LC1351. Count Negative Numbers in a Sorted Matrix¶
Problem Description¶
LeetCode Problem 1351: Given a m x n matrix grid which is sorted in non-increasing order both row-wise and column-wise, return the number of negativenumbers in grid.
Example 1:
Input: grid = [[4,3,2,-1],[3,2,1,-1],[1,1,-1,-2],[-1,-1,-2,-3]]
Output: 8
Explanation: There are 8 negatives number in the matrix.
Clarification¶
- matrix
- What does it mean sorted? non-increasing in row-wise and column-wise?
- return # of negative numbers
- go through examples
Assumption¶
Solution¶
Approach - Binary Search¶
Since the matrix is sorted, we can go through each row and use modified binary search to find the first negative number. On that row, all numbers on the right of the negative number all also negative. The we can count negative numbers row by row.
class Solution:
def countNegatives(self, grid: List[List[int]]) -> int:
m, n = len(grid), len(grid[0])
num_negative = 0
for i_row in range(m):
row_value = grid[i_row]
left = 0
right = n - 1
while left < right:
mid = (left + right) // 2
if row_value[mid] < 0:
right = mid
else:
left = mid + 1
if row_value[left] < 0:
num_negative += n - left
return num_negative
Complexity Analysis¶
- Time complexity: \(O(m \log n)\)
In the worst case, for each row, it takes at most \(\log n\) steps to find the first negative number using binary search and we need to do it for \(m\) rows. So the time complexity is \(O(m \log n)\) - Space complexity: \(O(1)\)

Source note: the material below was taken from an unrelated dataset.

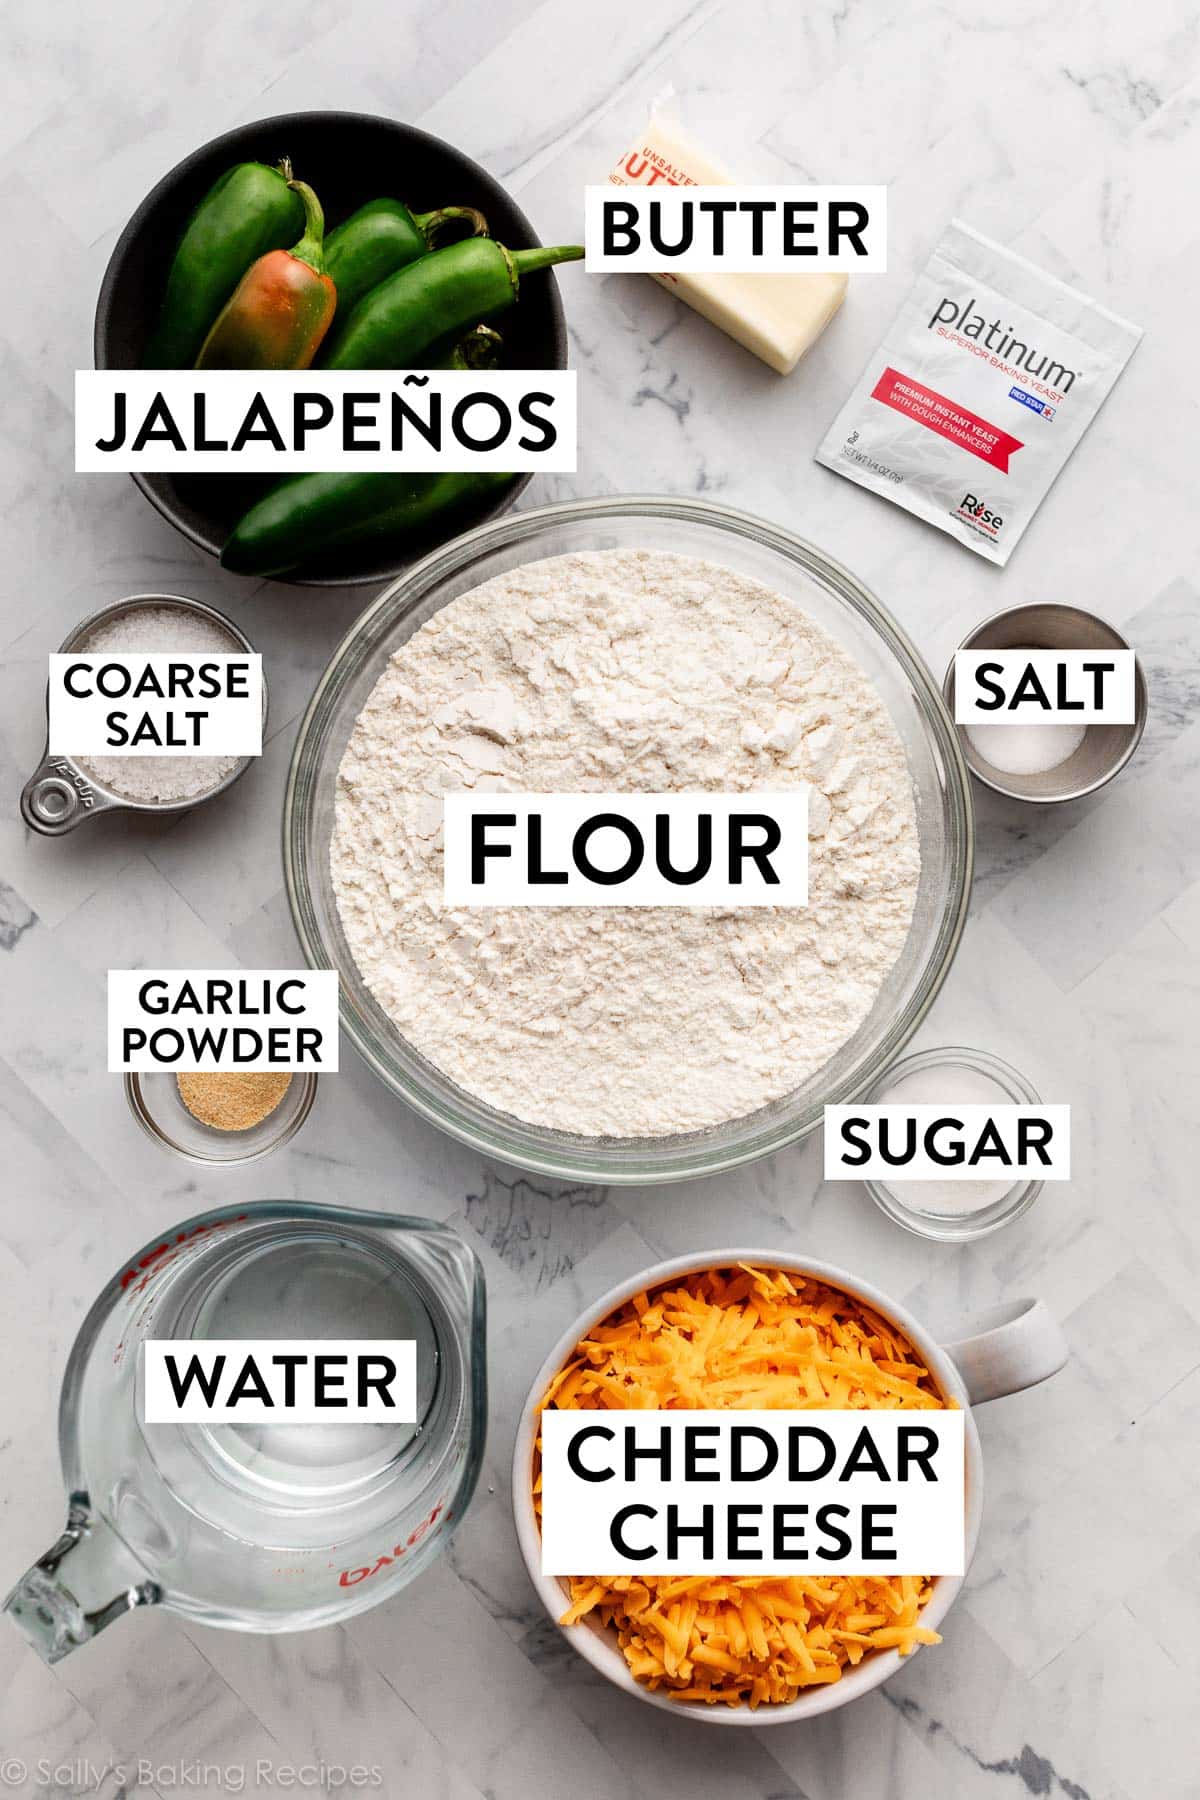 ingredients in bowls including jalapeños, flour, garlic powder, cheddar cheese, sugar, and salt.

Only use several variables for searching.
Approach - Stairs¶
If replacing positive numbers or 0 with + sign and negative numbers with -sign, the problem can be viewed as climb up or go down stairs. The - form the stairs.
Since the matrix is sorted in non-increasing order both row-wise and column-wise, there are some interesting properties:
- Along a row, all numbers on the right of a negative number are negative. (non-increasing row-wise)

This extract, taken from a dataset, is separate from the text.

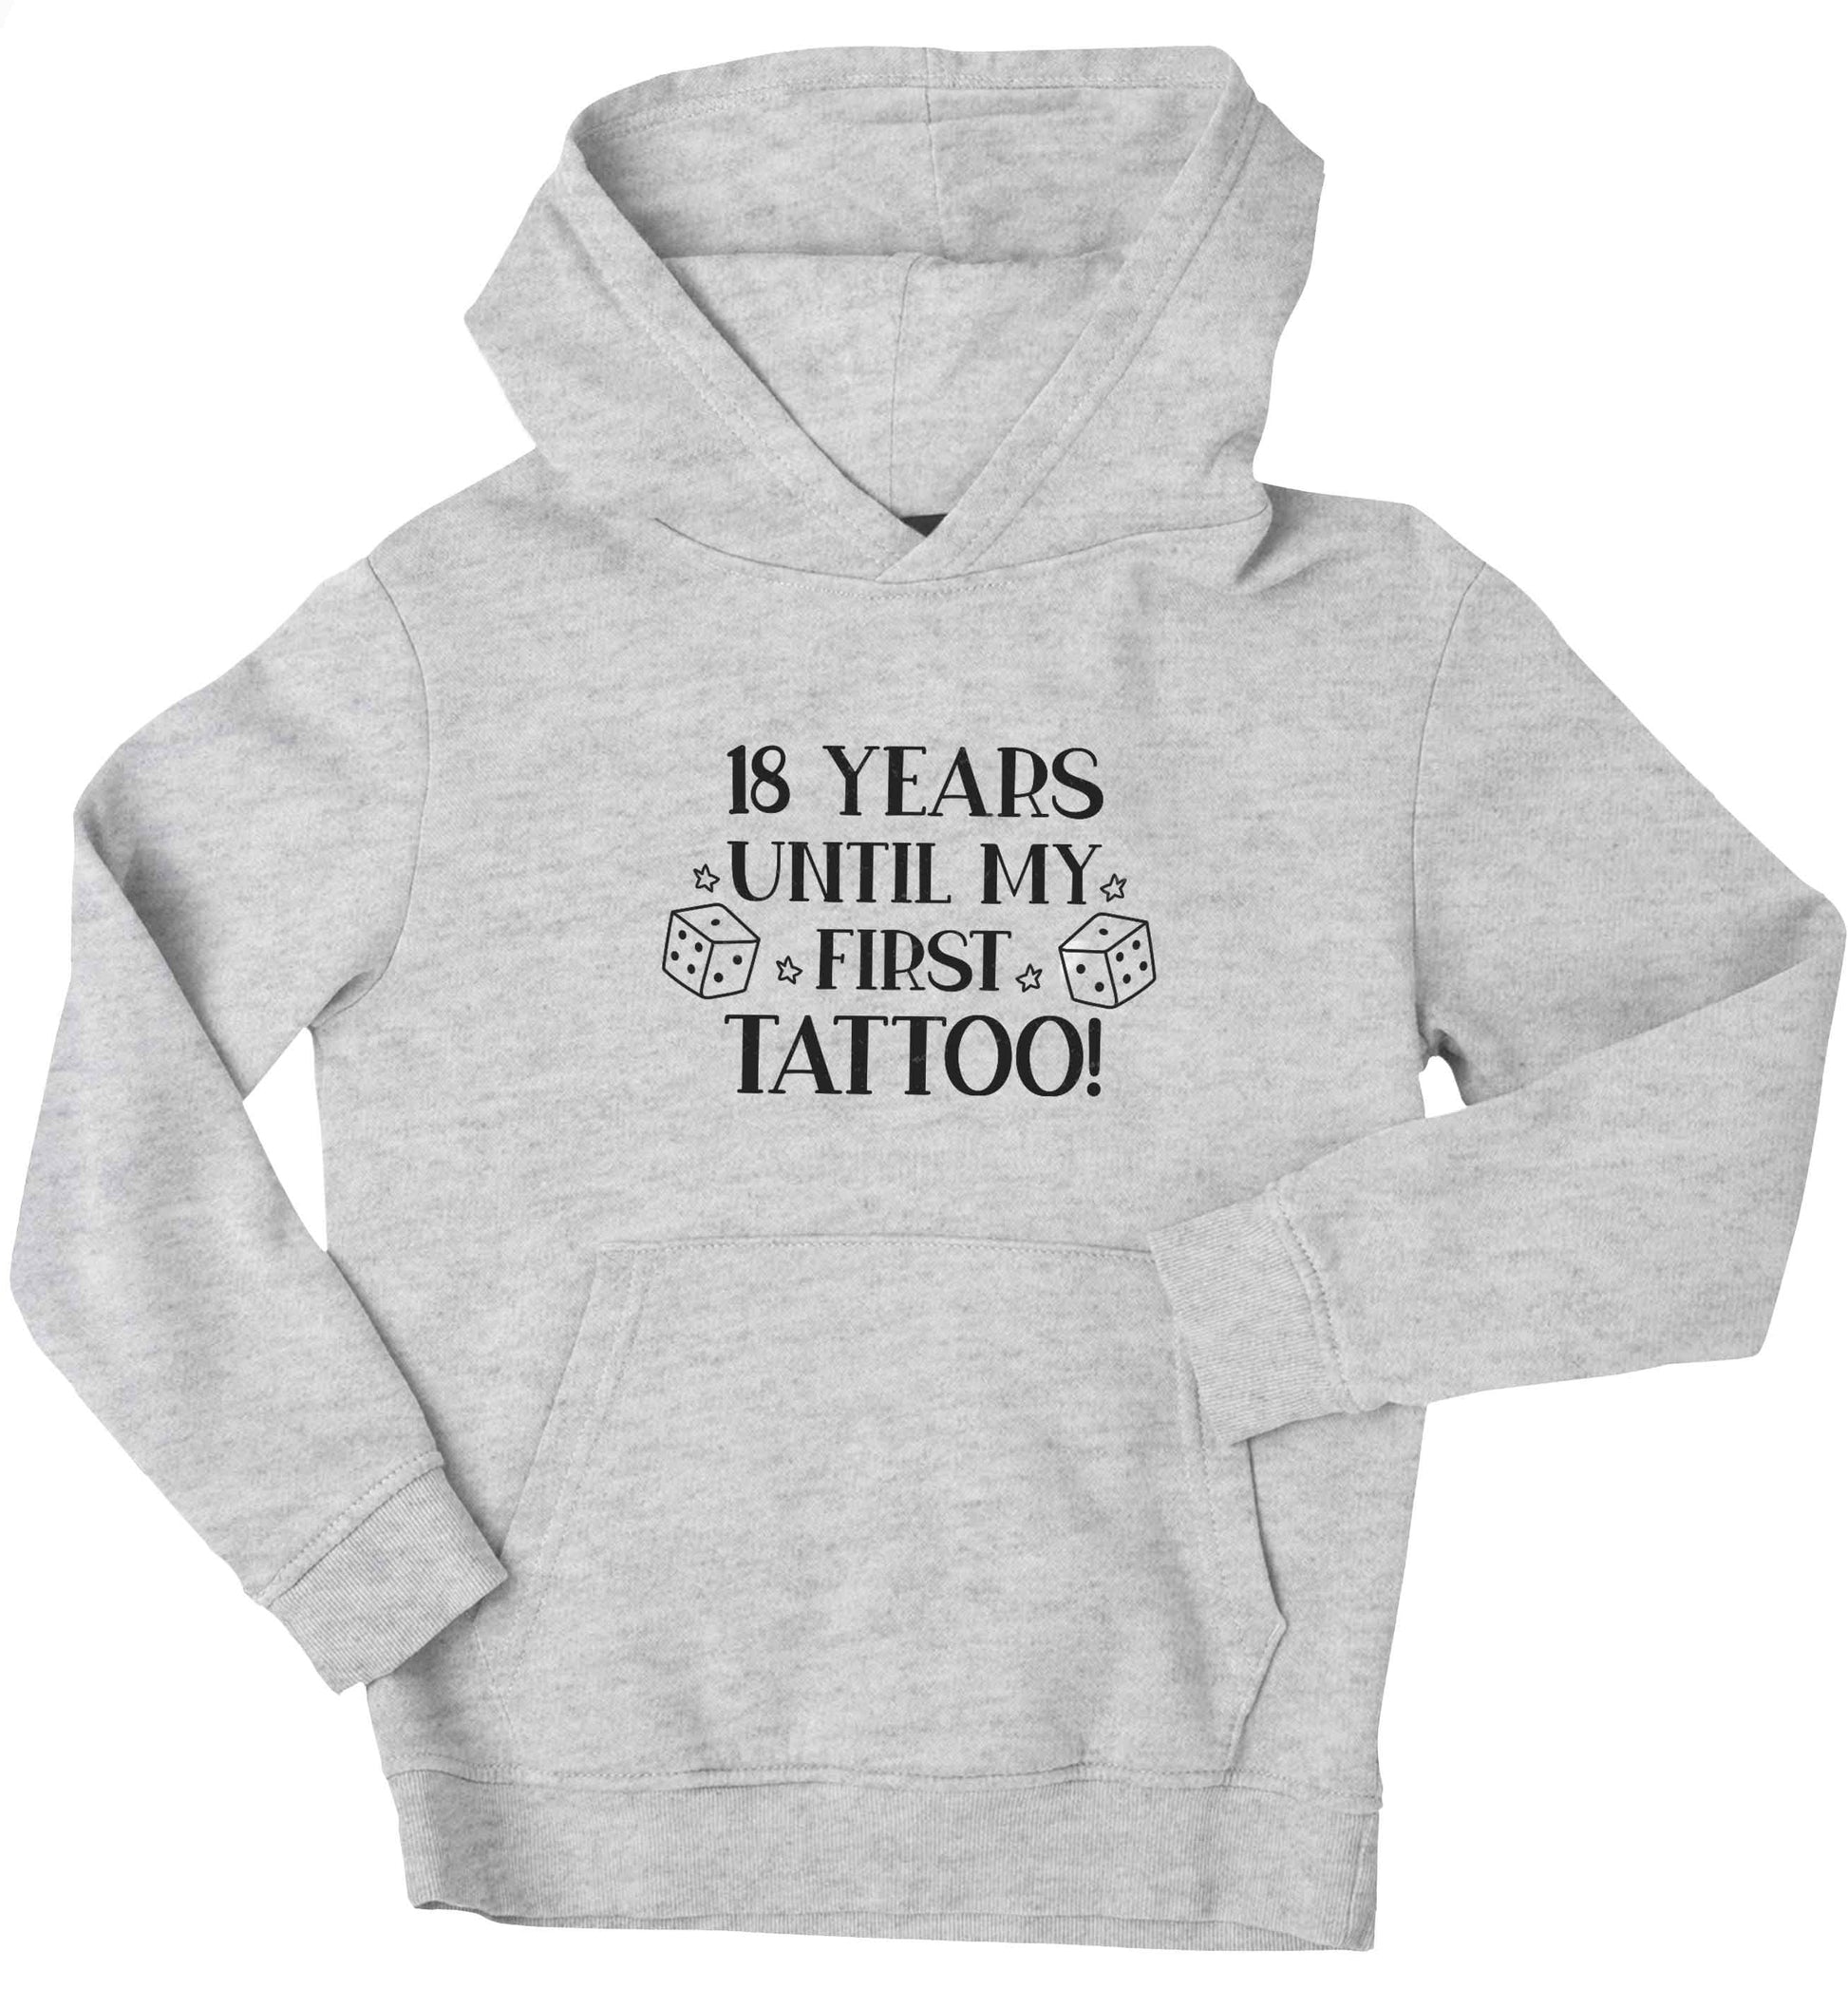 18 Years Until my First Tattoo children's grey hoodie 12-13 Years

- Along a column, all numbers below a negative number are negative. (non-increasing column-wise)
-
For the first negative on a row, we can divide a matrix by 4 quadrants with this negative number at the corner of each quadrant:
- The top left quadrant only contains positive numbers (except the negative number at the corner)
- The top right quadrant may contain either positive or negative numbers
- The bottom left quadrant may contain either positive or negative numbers
- The bottom right quadrant only contains negative numbers
If climbing up stairs, only need to search the top right quadrant (3b). If going down stairs, only need to search the bottom left quadrant (3c).
class Solution:
def countNegatives(self, grid: List[List[int]]) -> int:
m, n = len(grid), len(grid[0])
n_negative = 0
# Start from the bottom left number and step up
i_row, i_col = m - 1, 0
while i_row >= 0 and i_col < n:
if grid[i_row][i_col] >= 0:
i_col += 1 # (1)
else:
n_negative += n - i_col #(2)
i_row -= 1 # (3)
return n_negative
- Always move right since no negative value on the left. Refer to property 3b
- Count the rest of negative numbers. Refer to property 1
- Step up
Complexity Analysis¶
- Time complexity: \(O(m + n)\)
In the worst case, climbing up stairs from bottom to top takes at most \(m + n\) steps. - Space complexity: \(O(1)\)
Only use two variables for indexing.
Comparison of Different Approaches¶
The table below summarize the time complexity and space complexity of different approaches:
| Approach | Time Complexity | Space Complexity |
|---|---|---|
| Approach - Binary Search | \(O(m \log n)\) | \(O(1)\) |
| Approach - Stairs | \(O(m + n)\) | \(O(1)\) |
Is \(O(m \log n)\) better than \(O(m + n)\)?
- For general cases where \(m\) and \(n\) are in the same magnitude (e.g., \(n = c \times m\) where \(c > 1\) is a constant), \(O(m + n)\) is better.
\(O(m + n) = O((c + 1) \times m) = O(m) < O(m \log(cm)) = O(m (\log c + \log m)) = O(m \log m)\) - For rare cases where \(n >> m\) (e.g. \(n = m^2\)), \(O(m \log n)\) is better.
\(O(m \log n) = O(m \log(m^2)) = O(2m \log m) = O(m \log m) < O(m^2) = O(m + m^2) = O(m + n)\).